There have been various ML algorithm proposals by researchers over the years to mitigate web applications SQLIA vulnerabilities. We reviewed literature on the popular ML algorithms to detect and prevent SQLIA which are: [71], [72], [74], [128]–[133], [100], [134]–[136],[137]–[141] to observe drawbacks in the data set devoid of patterns as they share a commonality in reliance on URL query strings, SQL internal query structure and static generated data set which is often repeated strings. We selected for further discussion some of these approaches employing SVM, LR and NN algorithms in subsequent paragraphs.

Bockermann et al. [75] proposed the tree kernels for analysing SQL statement in addition to exploring feature vectorisation of data input to an SVM classifier, but found there to be drawbacks in the tree-kernels computational overhead. Also, their data set extraction was dependent on URL strings which are repeating strings that are lacking in patterns.

Choi et al. [72] train an SVM classifier using feature vectorisation by N-Grams employing bigrams, trigrams and 4-grams for queries comparison. Their approach would need various patterns to improve the accuracy of the approach as the data set used has few distributions in the training data set of 608 attribute values (normal and malicious) and 306 attribute values of test data. Also, the approach requires access to full source code.

Kar et al. [137] proposed using a SQL query of normalised query elements to tokens to build a graph of tokens and centrality of nodes to train an SVM classifier, though an ML approach it mirrors a classical queries comparison between a normalised tokenised and runtime query to detect SQLI at database firewall. The approach looks promising in

47

an intranet and extranet but not applicable to cloud-hosted web applications SDN endpoints. As the SQLIA mitigation is at the database level, the injected queries if not intercepted by other SQLIA protection during the transition are left to bypass firewall before be enumerated for tokens used in the ML query comparison approach. Also, this enumeration or tokenisation of schema changes takes 30 minutes, which will not scale in big data web traffic analysis.

Wang and Li [73] proposed an SQL query program tracing in which related queries are grouped based on the runtime program trace. However, the approach’s drawback is the reliance on the source code for the SQL tracing grouping that is hashed to the vector matrices for a classifier implementing the SVM algorithm.

Pinzón et al. [74] present a multi-agent approach that uses various classifiers including SVM and neural networks to predict SQLIA from SQL queries behaviour that is stored as cases. Though an ML approach, it mirrors a classical queries comparison. The architecture named CBR cycle is computationally expensive and needs access to source code.

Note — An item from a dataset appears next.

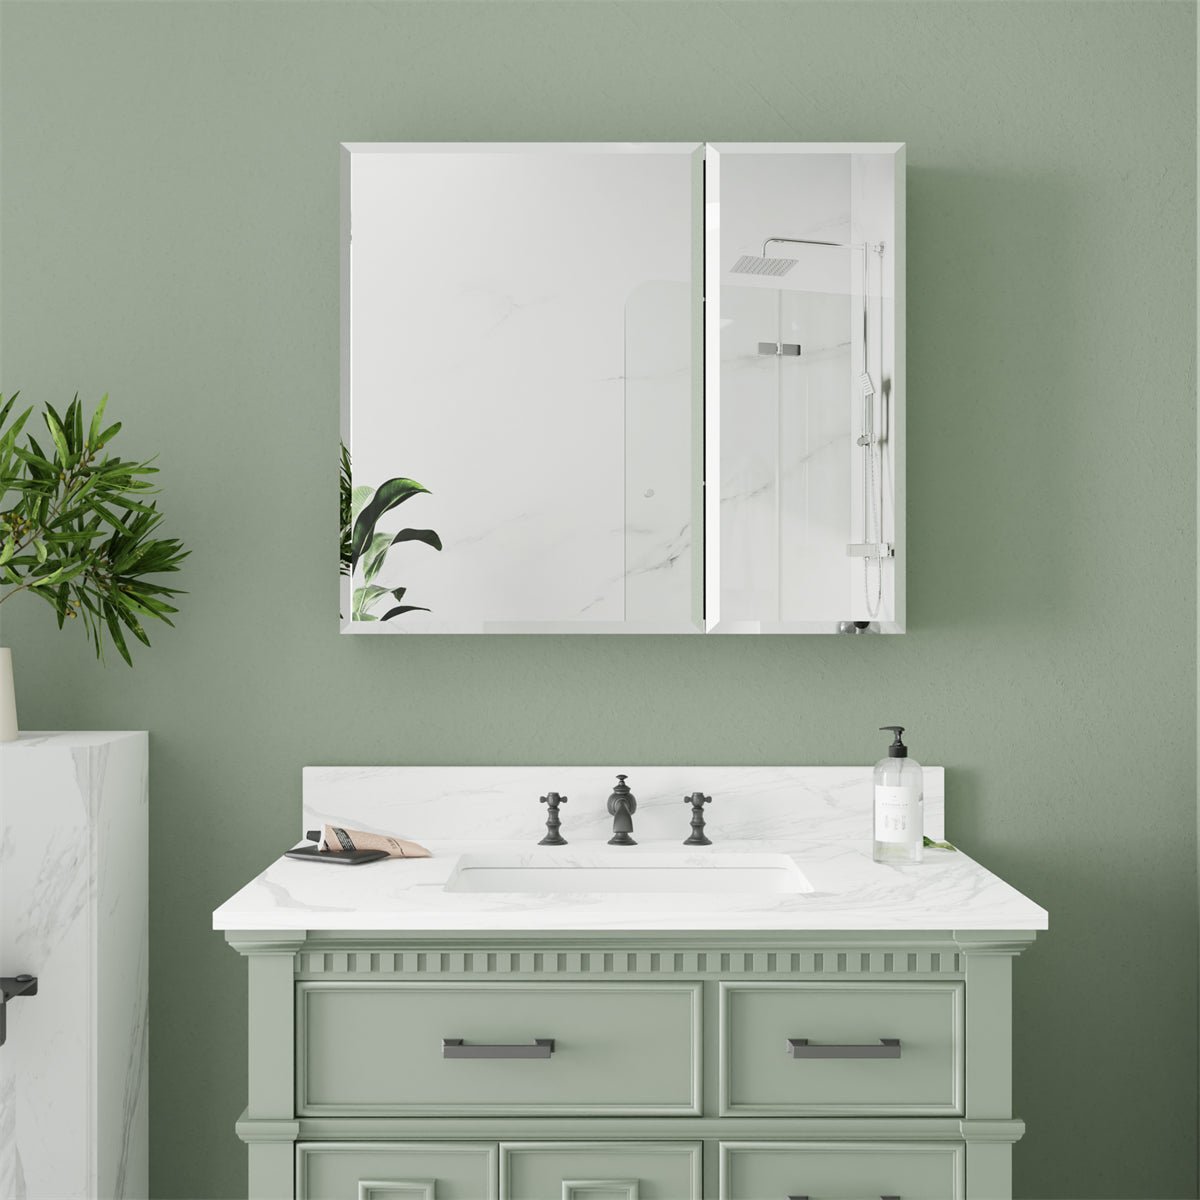 Classic 30" W x 26" H Medicine cabinet with Mirror Surface Mount or Recess aluminum Large storage space

Kim and Lee [138] proposed an approach that uses the SVM classifier for binary classification of internal query representation known as query trees. The training data comprised of feature vectors from transformed query trees of the internal query structure. Its drawback is that it requires access to the source code and is computationally complex because of the size of the query trees.

We reviewed existing literature on SQLI to establish the research gap and defined a research goal to present in this thesis a supervised learning model that uses a data set input from patterns of both expected data and SQLIA types including SQL tokens to train classifiers. We started with an investigation of numerically encoding of both valid data input and patterns of SQLIA types including SQL tokens to test the performance metrics of vector matrices of data set input derived from patterns [61], [62]. We further our approach by applying ML predictive analytics to SQLIA prediction and prevention [63], [64]. The approach presented in this thesis relies on the web requests or data input at runtime to detect SQLIA as against raw queries comparison as proposed in most runtime analysis.